Reading at the Botanics: ‘Piano’

Find out what’s been going on in our sessions as one of our participants shares news from their group.


Reading at the Botanics: ‘Piano’


Mairi Marlborough is a participant in our shared reading group at the Royal Botanic Gardens Edinburgh. She is also a Lead Reader who leads shared reading sessions with our Open Door group in Morningside.


I pressed the Leave button on the screen to exit the weekly meeting with the Open Book group, feeling contented after a good hour of reading and chat. When we started to meet over Zoom during the first lockdown, I thought that these virtual sessions were a poor substitute for the Thursday meetings in the beautiful Botanics cottage, where the group took it in turn to read aloud short stories and poems and then discuss them, accompanied by coffee and delicious home baking. Now we have all got used to Zoom meetings and it is hard to believe that it has been almost a year since we have met in the flesh. Being able to continue the regular contact with other keen readers has been a lifesaver during this miserable Covid time.


Today’s session was especially enjoyable, and I printed off the last poem we read, as it was one that I had particularly enjoyed – well, actually, it made me cry and that is always a sign of a good poem or story for me. Why is it that certain words cause my eyes to water? I can’t explain the tears that arise unbidden and spill out, a problem I have had ever since I was a youngster. My parents and sister used to tease me when, every weekend without fail, I cried at the story in the Sunday Post. At least with Zoom I can conceal my sobs from the other members of the Open Book Group – the mute and camera off buttons are very handy!

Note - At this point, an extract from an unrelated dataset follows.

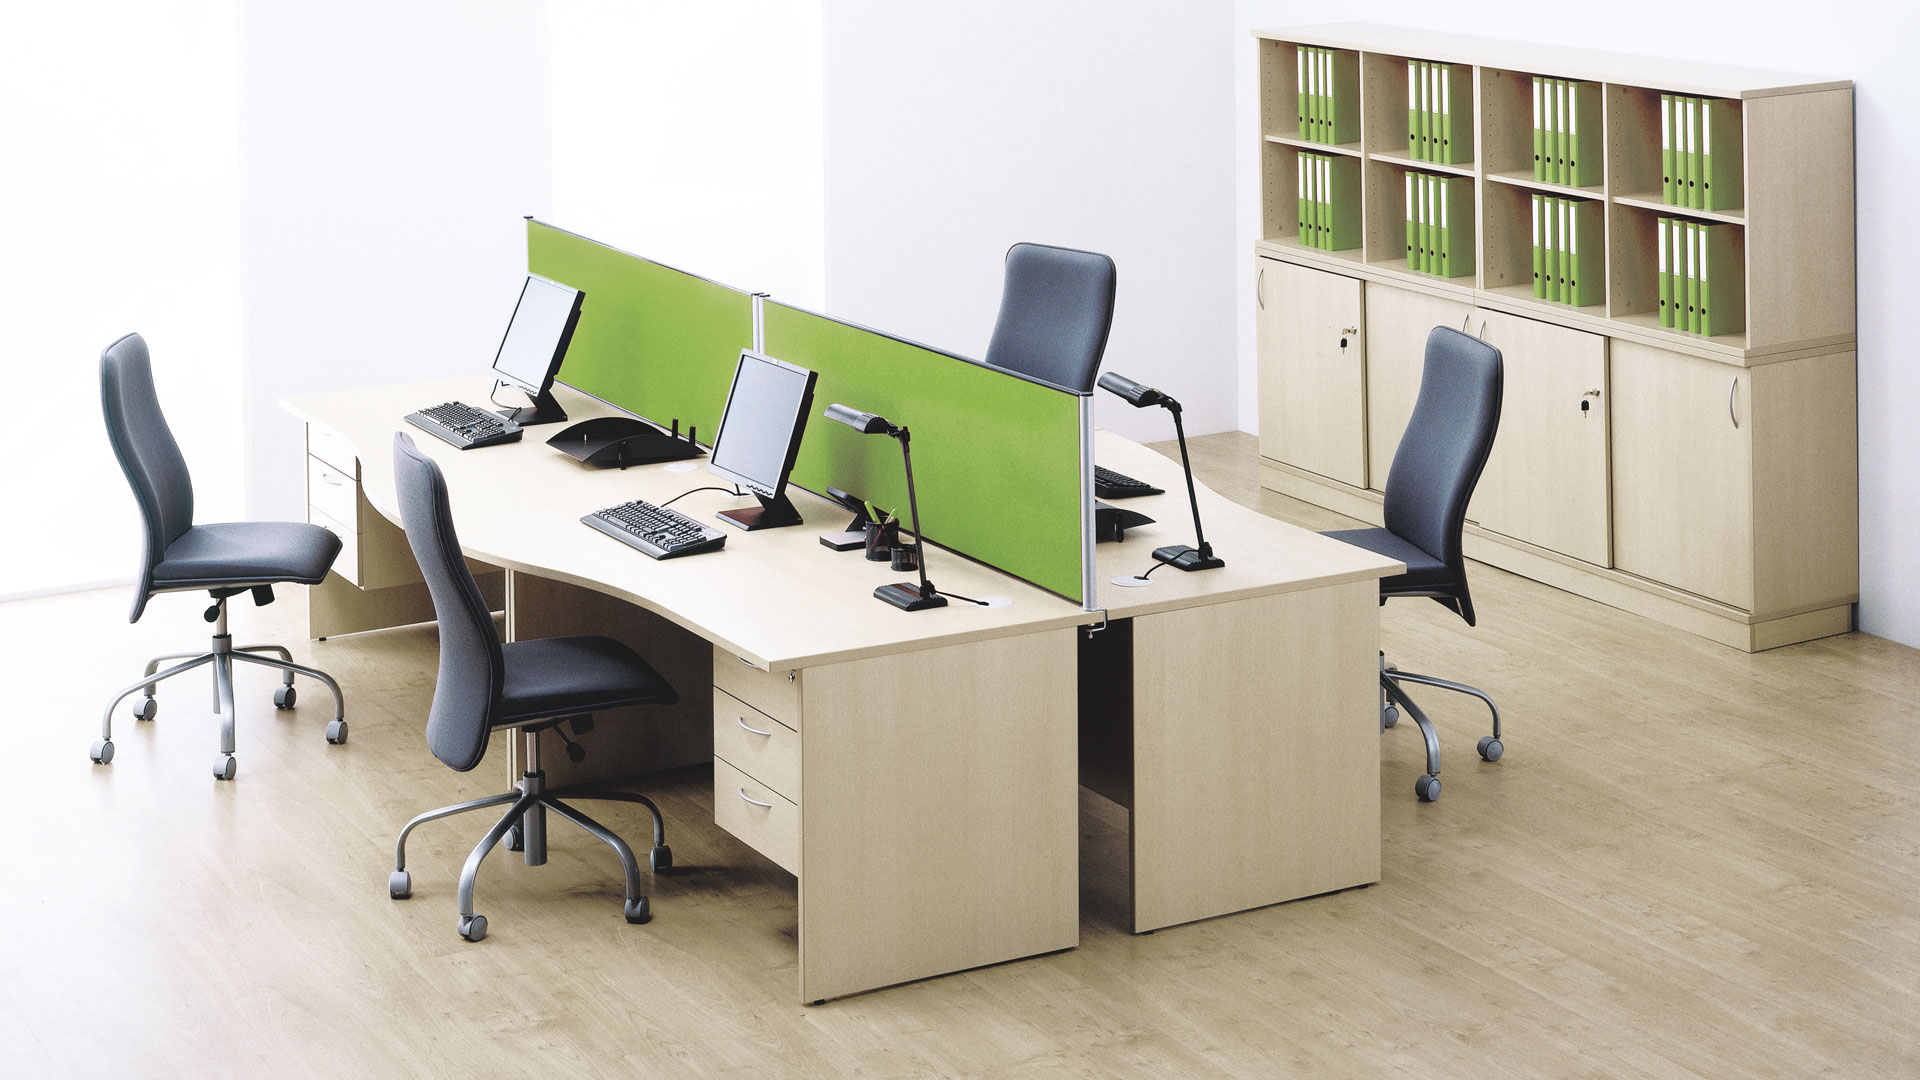 Optima Plus panel end desks with fabric divider screens

I switched off the computer and took the printed poem through to the kitchen to savour again with a cup of coffee, thinking that it was a pity that Zoom couldn’t provide a tasty bit of home baking to accompany it.


Today the poem would have to suffice. It is by DH Lawrence and entitled ‘Piano’.

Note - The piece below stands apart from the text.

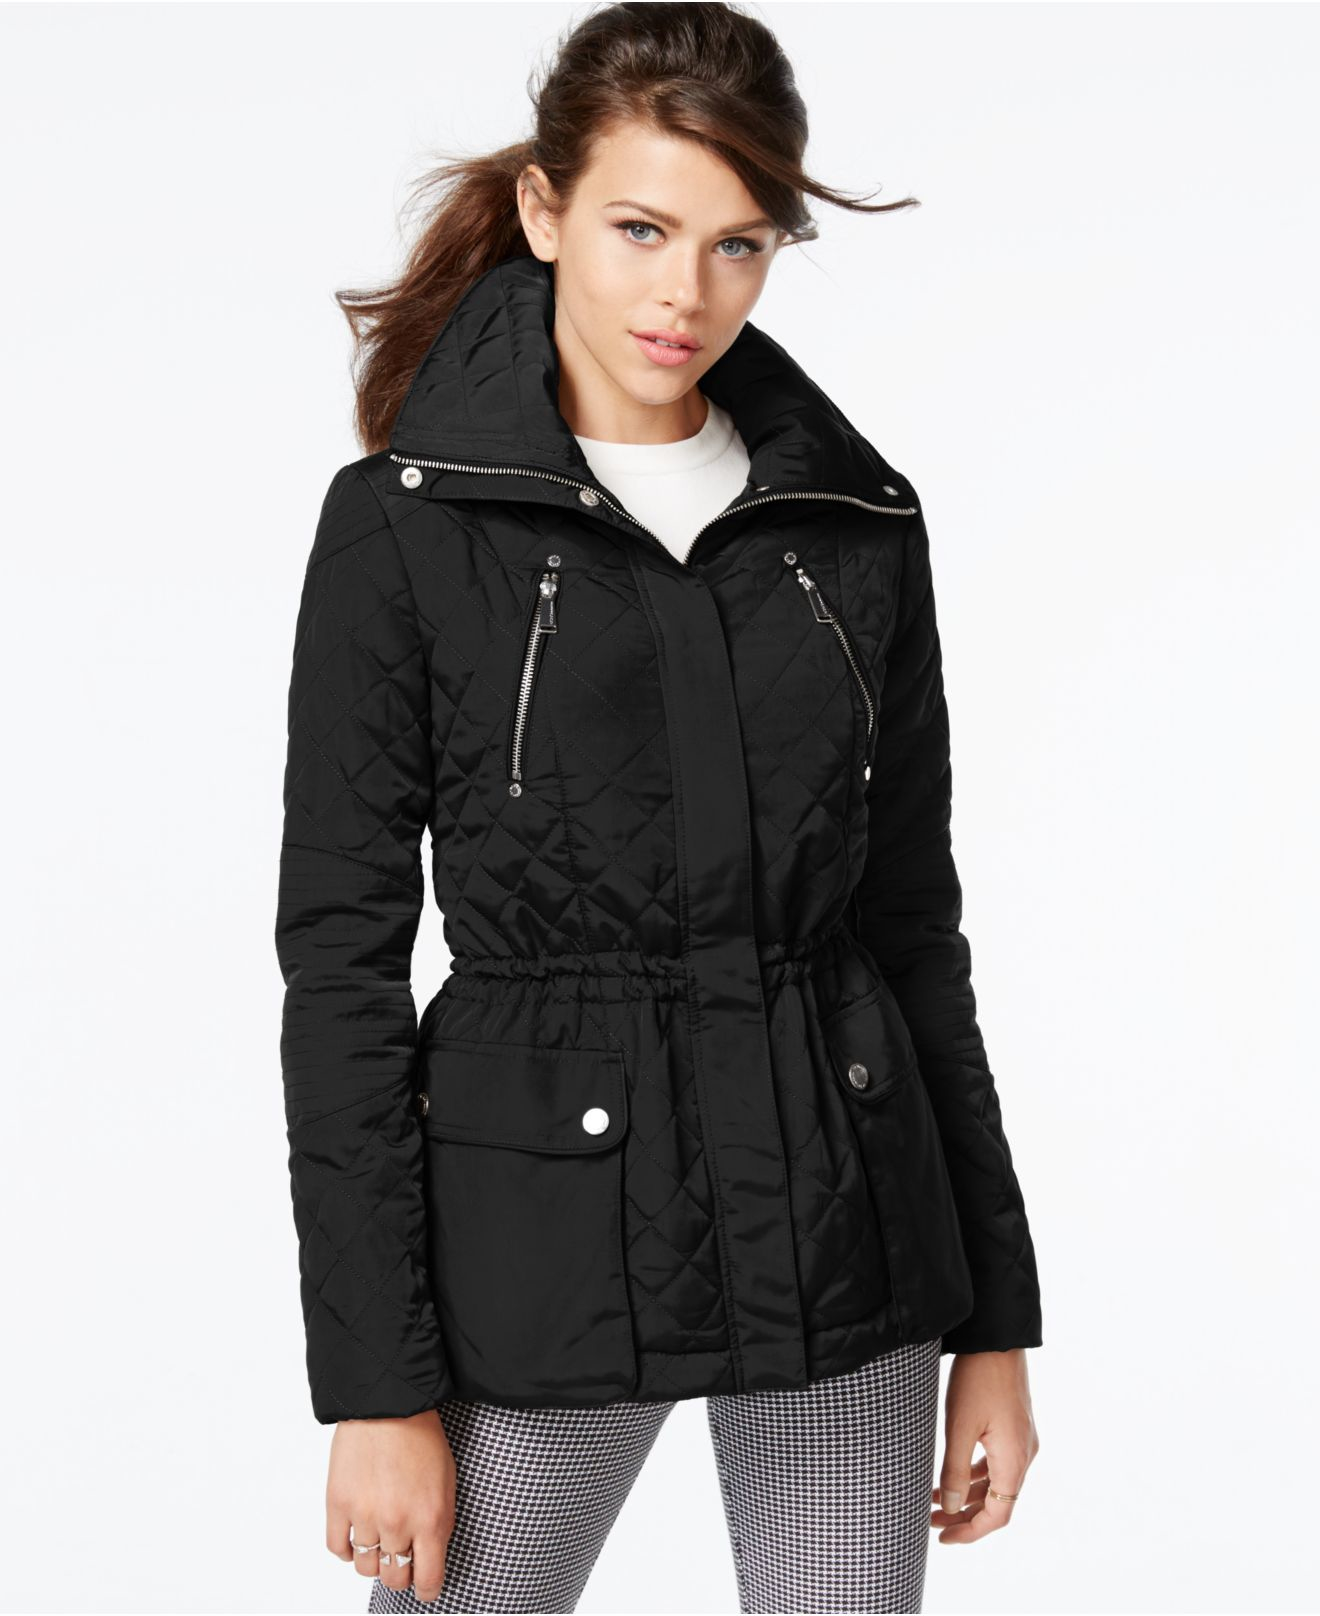 Bcbgeneration Hooded Quilted Anorak Jacket in Black | Lyst

Softly, in the dusk, a woman is singing to me;

Taking me back down the vista of years, till I see

A child sitting under the piano, in the boom of the tingling strings

And pressing the small, poised feet of a mother who smiles as she sings.

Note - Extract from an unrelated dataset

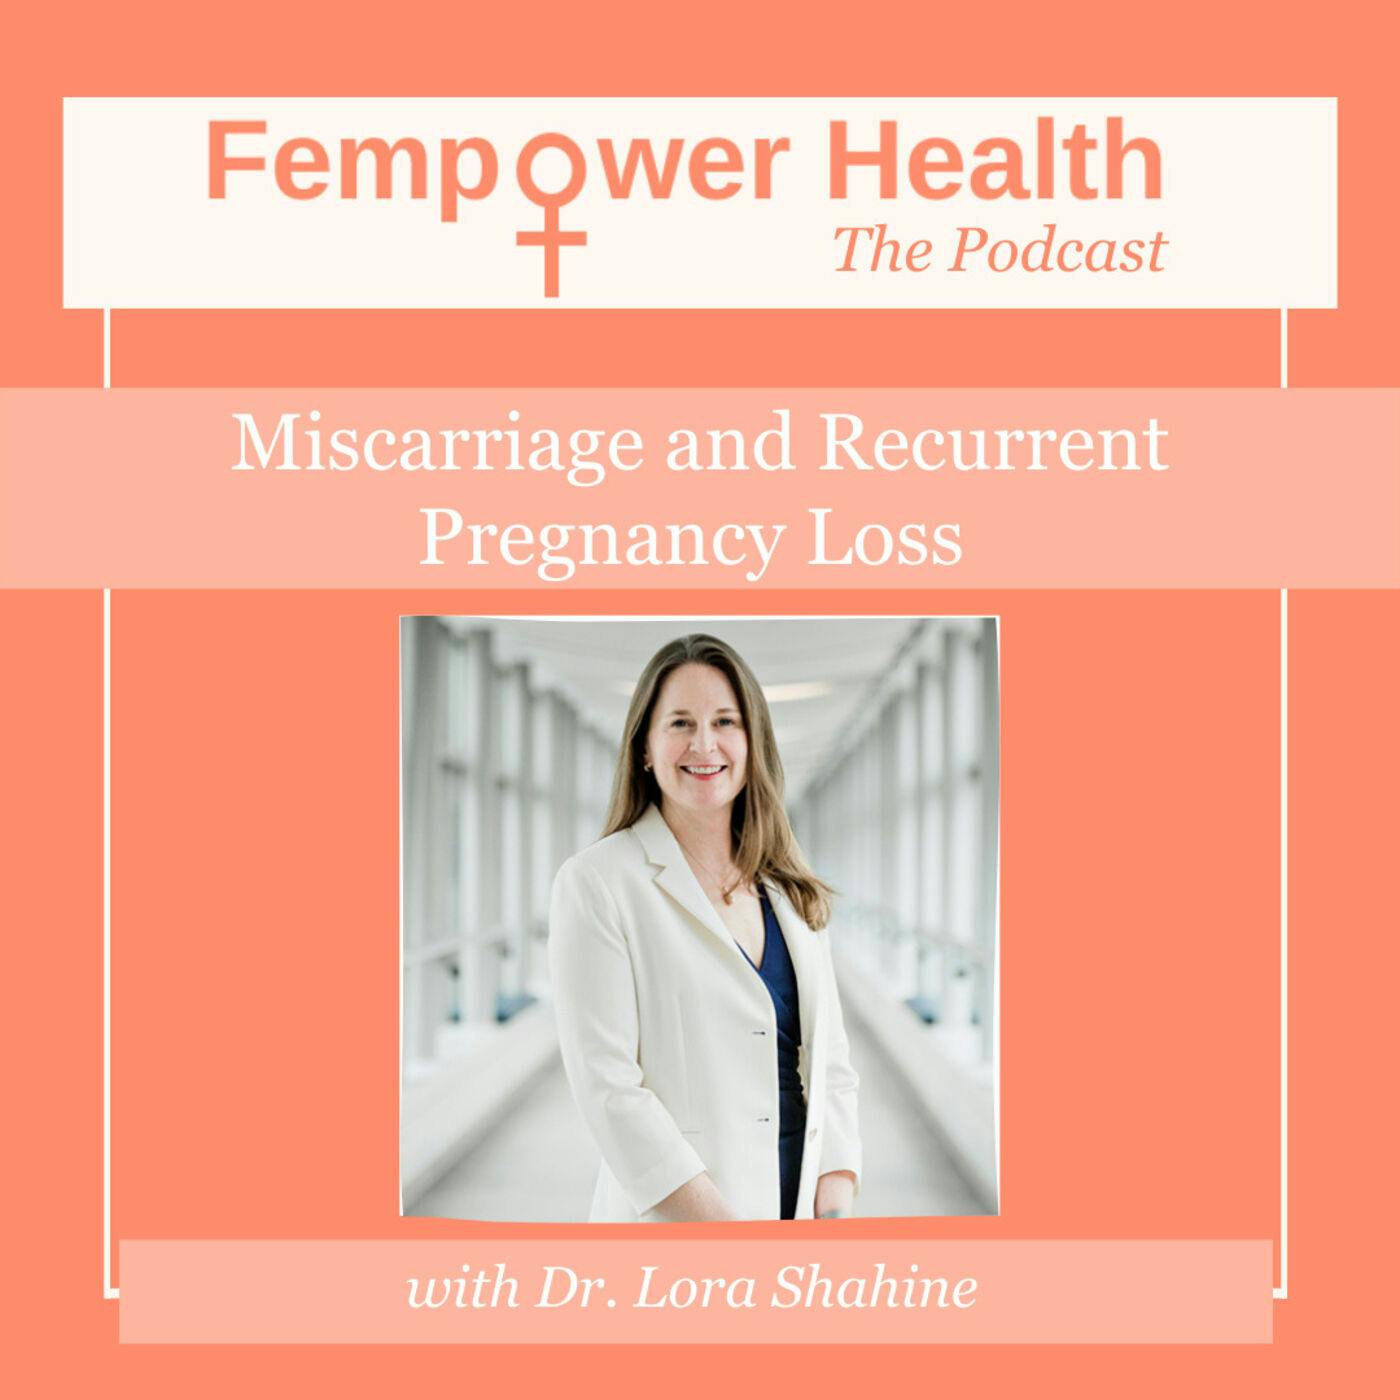 LISTEN AGAIN: Miscarriage and Recurrent Pregnancy Loss

In spite of myself, the insidious mastery of song

Betrays me back, till the heart of me weeps to belong

To the old Sunday evenings at home, with winter outside

And hymns in the cosy parlour, the tinkling piano our guide.

So now it is vain for the singer to burst into clamour

With the great black piano appassionato. The glamour

Of childish days is upon me, my manhood is cast

Down in the flood of remembrance, I weep like a child for the past.

The last lines of the poem – ‘the glamour of childish days is upon me… in the flood of remembrance I weep like a child for the past’ were the ones that made the tears well up during the session. The group remembered long forgotten piano teachers and lessons, the room that was kept for good (maybe not such a cosy parlour!), listening to the radiogram, watching Sunday serials and the Forsyte Saga on old black and white televisions.


Sharing memories with others on Zoom is so important at this time – and I am so glad that the Open Book meetings allow us to still connect and talk – essential for well being at the moment, even if it involves shedding a nostalgic tear or two!